Радость моя была безоблачной, но роковая приверженность племянников к тщеславию и гордыне испортила эти счастливые дни. Как только младший племянник приехал, оба они пожаловали ко мне с визитом. Нежный отец, не дождавшись, пока они поднимутся к нему, сам спустился в мои комнаты, чтобы обнять своих детей. Он вошел и радостно бросился к ним, но они едва ответили на его приветствие. Видимо, ослепленные достигнутым благосостоянием, они сравнивали свой расшитый золотом наряд с простой одеждой моего брата, а их отца, и оказались настолько дерзкими, что готовы были притвориться, будто не узнают его.
Не буду описывать эту возмутительную сцену; я уже вскользь упомянул о ней в первой части моих записок: этот из ряда вон выходящий случай заставил меня рассказать о нем раньше времени. Скажу в свое оправдание, что мне в то время пришлось немало повоевать с чванливыми гордецами, и этого, думаю, достаточно, чтобы вы простили мне такую поспешность.
Скажу только, что в ту минуту я отозвался на заблуждения молодых людей лишь язвительными шутками, считая, что это наилучший способ бороться с высокомерием, этой язвой нашего века.
Опыт научил меня, что легче осадить гордеца насмешкой, чем откровенным негодованием. Мои племянники нарушили долг, который я считаю священным, и я не мог не осудить их поведение; но при их горячем и гордом нраве прямой упрек вызвал бы только вспышку гнева, тогда как холодная ирония отрезвила их, не оскорбив. Но, увы, ненадолго. Не успели они немного опериться, как переменили фамилию и попрали естественные узы, созданные природой. Простая внешность их отца уязвляла их самолюбие, ибо не вязалась с их пышным нарядом; моего общества они тоже избегали, так как самый мой вид напоминал им, что они мне многим обязаны. Говорю это между прочим и больше возвращаться к этой теме не буду.
Я написал Боссону о новом счастливом событии, увенчавшем предыдущие мои удачи, и выразил надежду, что он приедет в Париж, чтобы принять участие в предстоящем празднике; но, как я узнал, в самый день торжества Боссон тяжко занемог.

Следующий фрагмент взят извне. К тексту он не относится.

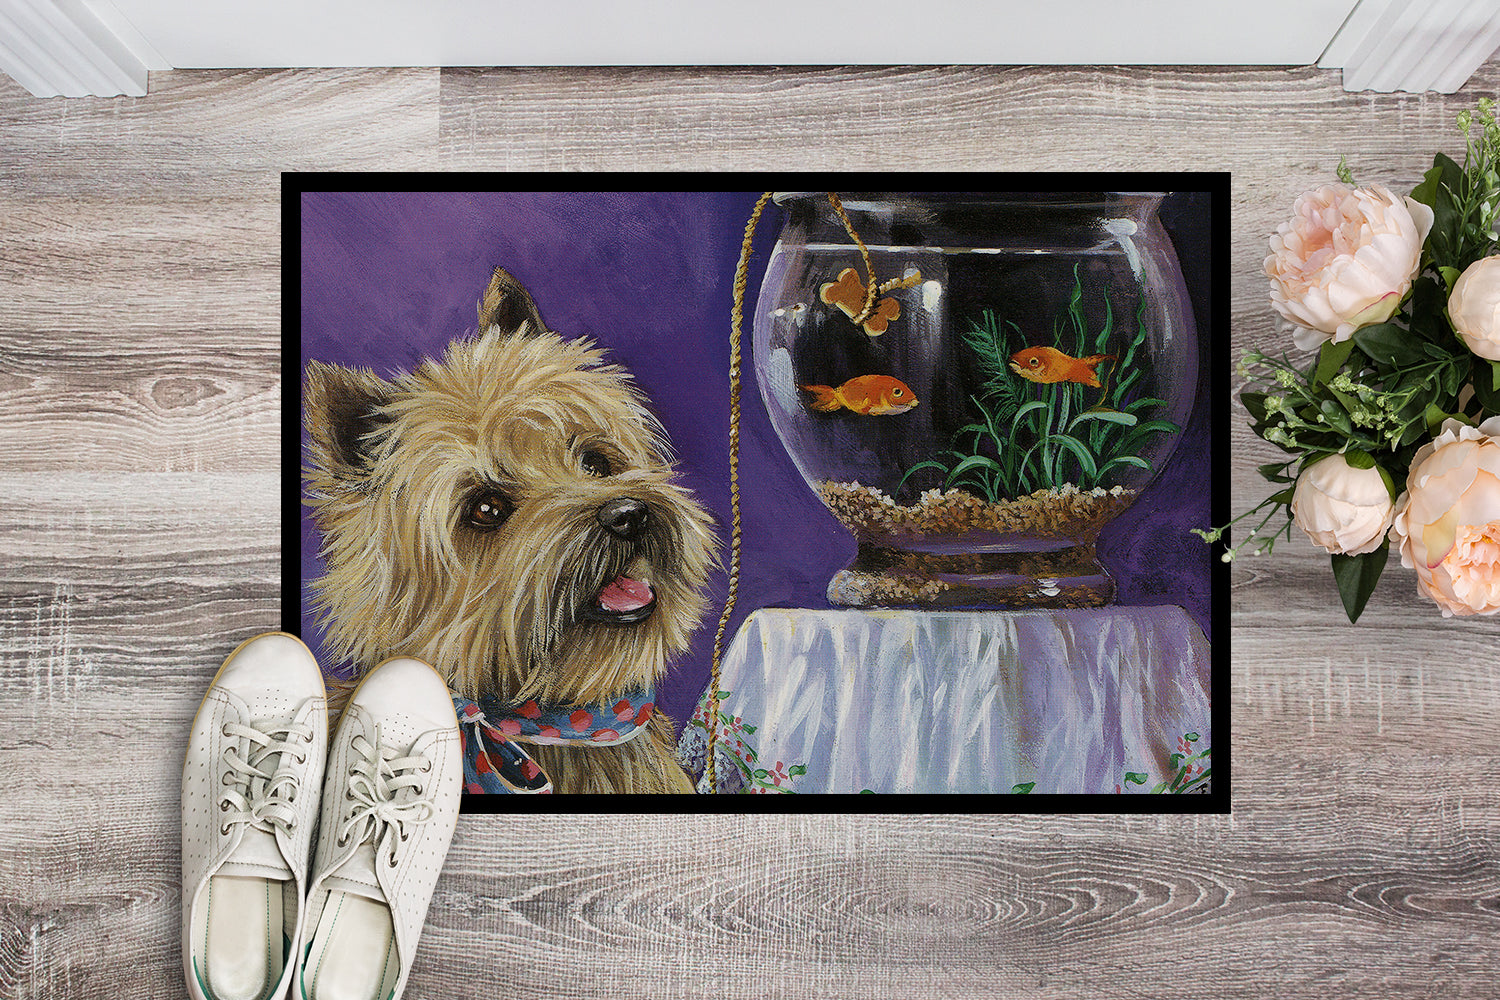 Cairn Terrier Gone Fishing Indoor or Outdoor Mat 18x27 PPP3252MAT - the-store.com
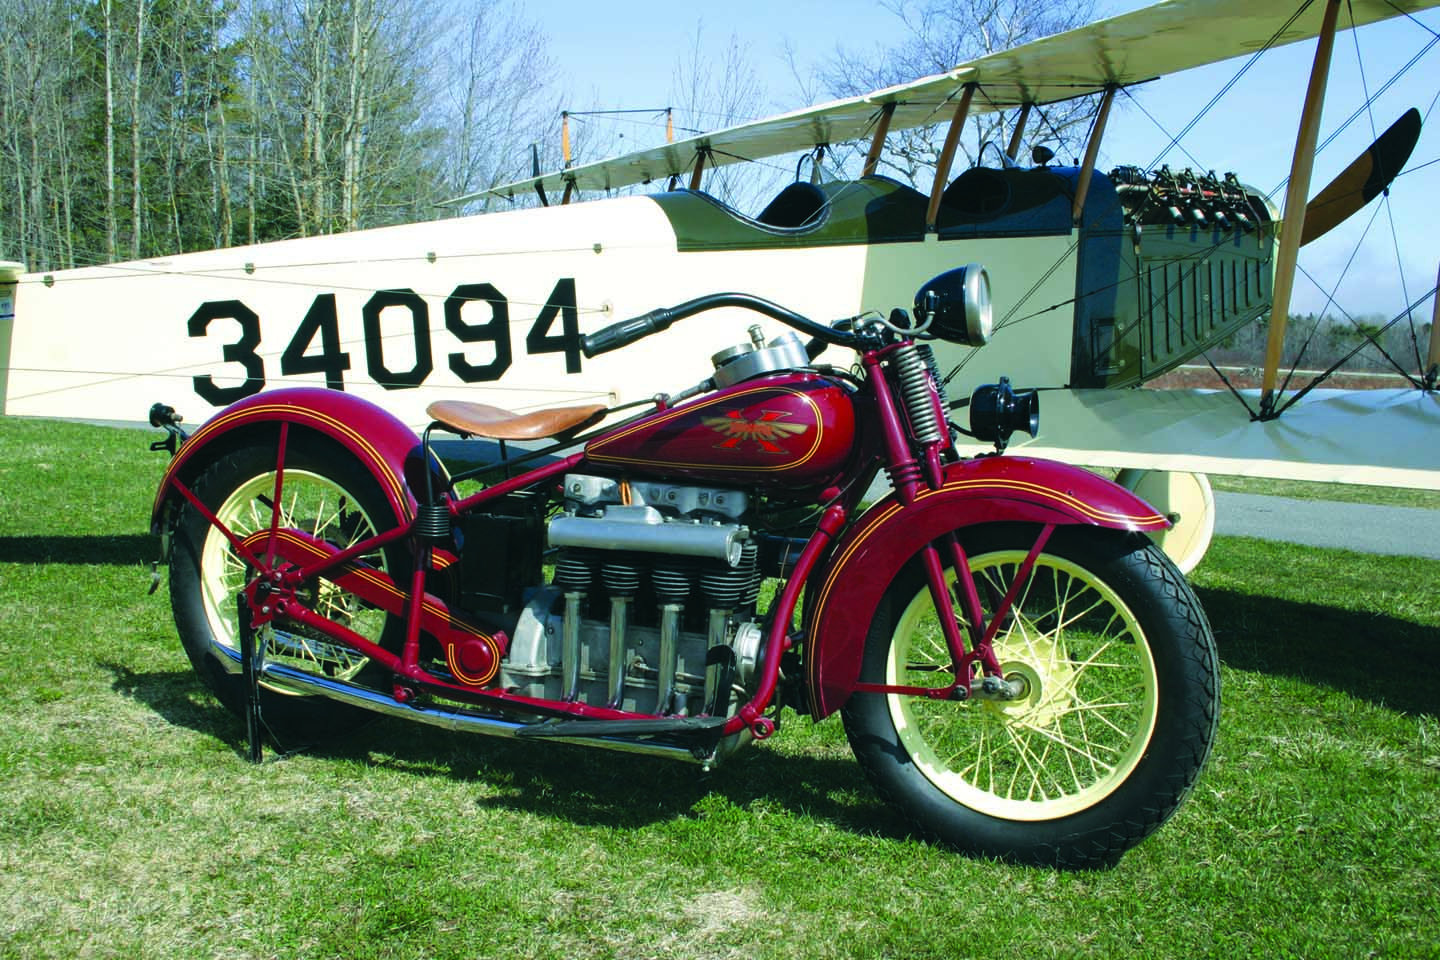 owls head maine antique and vintage motorcycles take center stage at

Хотя это известие очень меня опечалило, мы с женой решили не откладывать свадьбу сына и племянника и даже скрыть от дочери болезнь ее жениха. Но, охваченная неясным предчувствием, неотделимым от истинной любви, она во все время этого двойного празднества была рассеяна и печальна. Несмотря на все принятые нами меры, она догадывалась, что именно я от нее скрываю. Опасаясь, что от этого ее тревога еще больше возрастет, я счел нужным рассказать ей о состоянии больного. Она попросила меня послать к нему нарочного, и я наказал моему племяннику-офицеру, возвращавшемуся вместе с отцом в Шампань, не отходить от больного.
– Передайте ему, – сказал я на прощанье, – что как только дела позволят мне отлучиться из Парижа, я сам к нему приеду и привезу его невесту, если он не успеет к тому времени вернуться.
Брат и племянник написали мне по приезде, что застали молодого человека в почти безнадежном состоянии; однако весть о том, что моя дочь ему верна и что я по-прежнему полон добрых чувств, возымела волшебное действие; он стал быстро поправляться, и никто не сомневался более в его полном выздоровлении.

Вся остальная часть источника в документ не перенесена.